WORK INSTRUCTIONS →
All lines from the one containing "TIGERCROWN Cake Land" through the end of the material are to be given back exactly, without pictures.

SOURCE DATA →
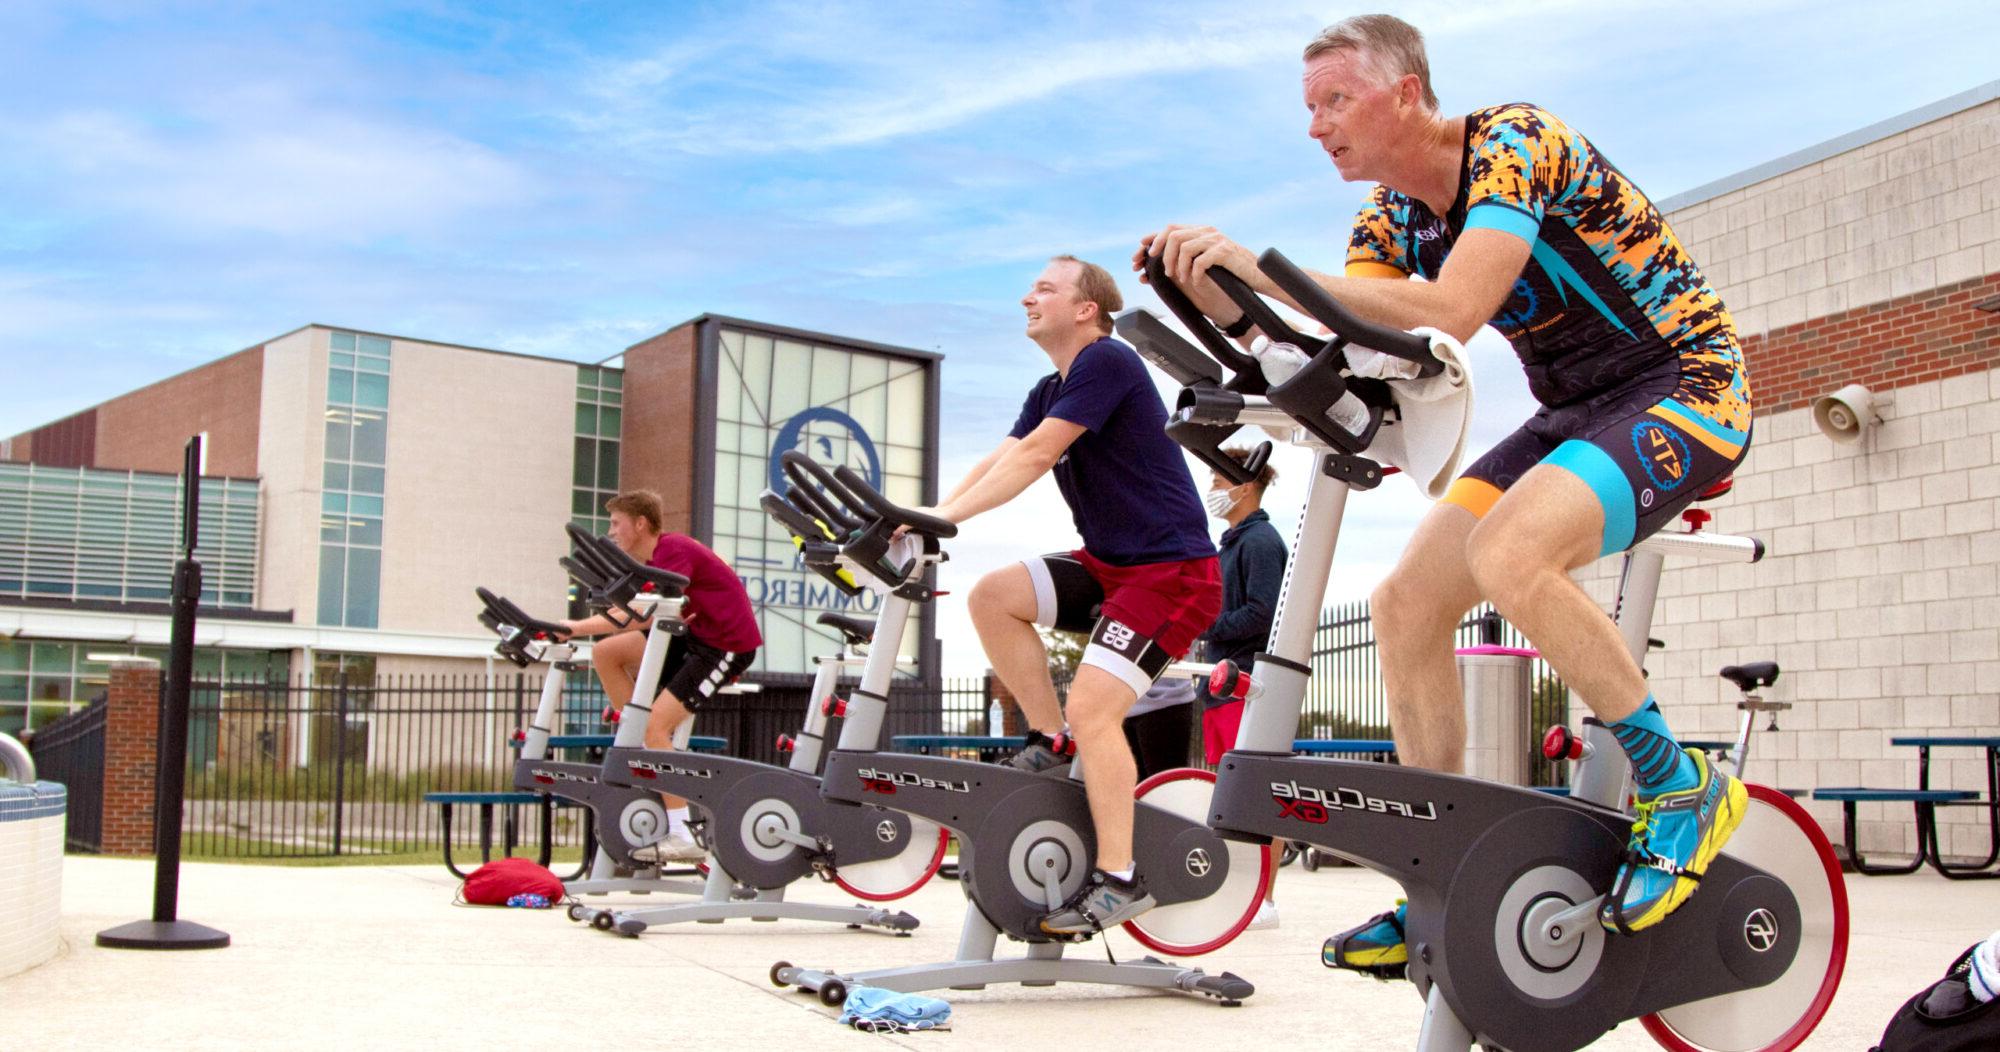 Members during a cycling class by the pool.
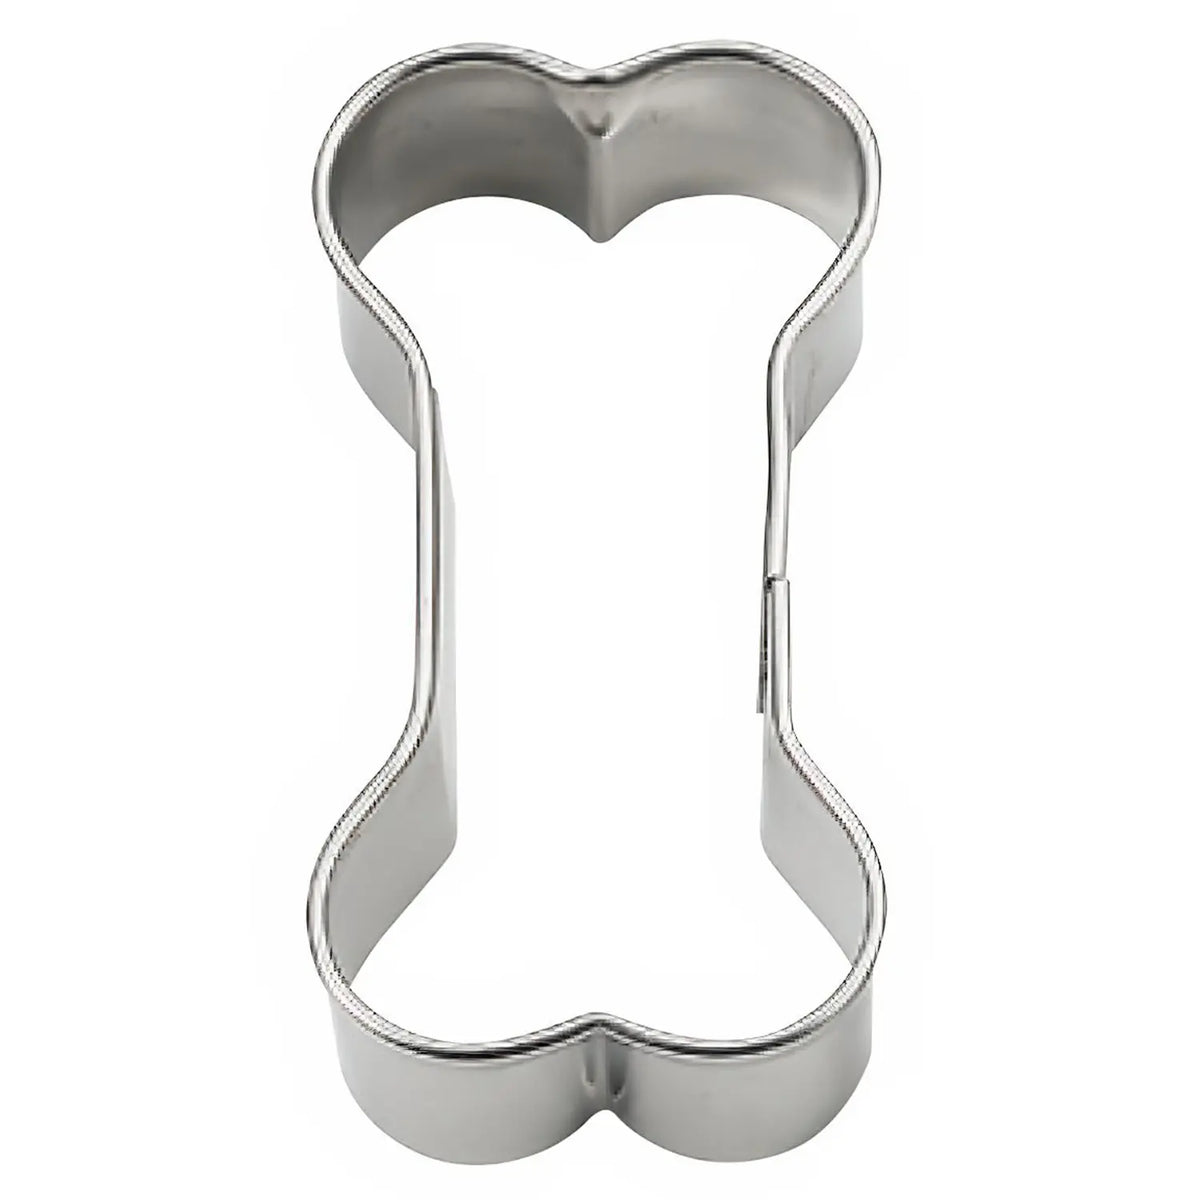 TIGERCROWN Cake Land Stainless Steel Cookie Cutter Dog Bone
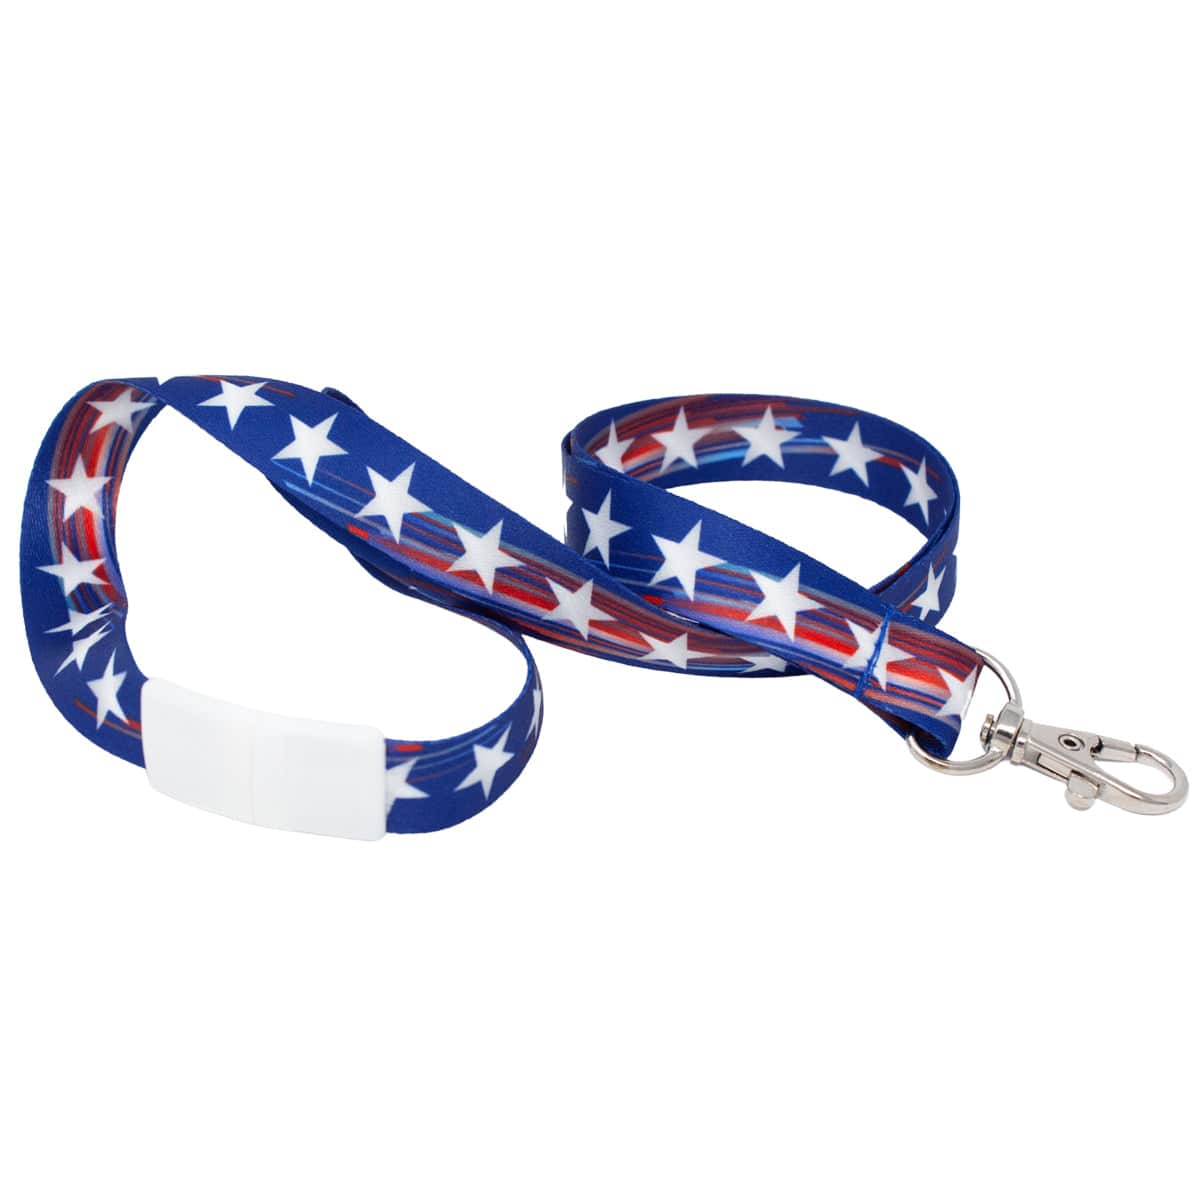 4th of July Patriotic USA Lanyard with Breakaway  - Red White & Blue with Stars (2138-5305) 2138-5305

TASK RESPONSE →
 TIGERCROWN Cake Land Stainless Steel Cookie Cutter Dog Bone
 4th of July Patriotic USA Lanyard with Breakaway  - Red White & Blue with Stars (2138-5305) 2138-5305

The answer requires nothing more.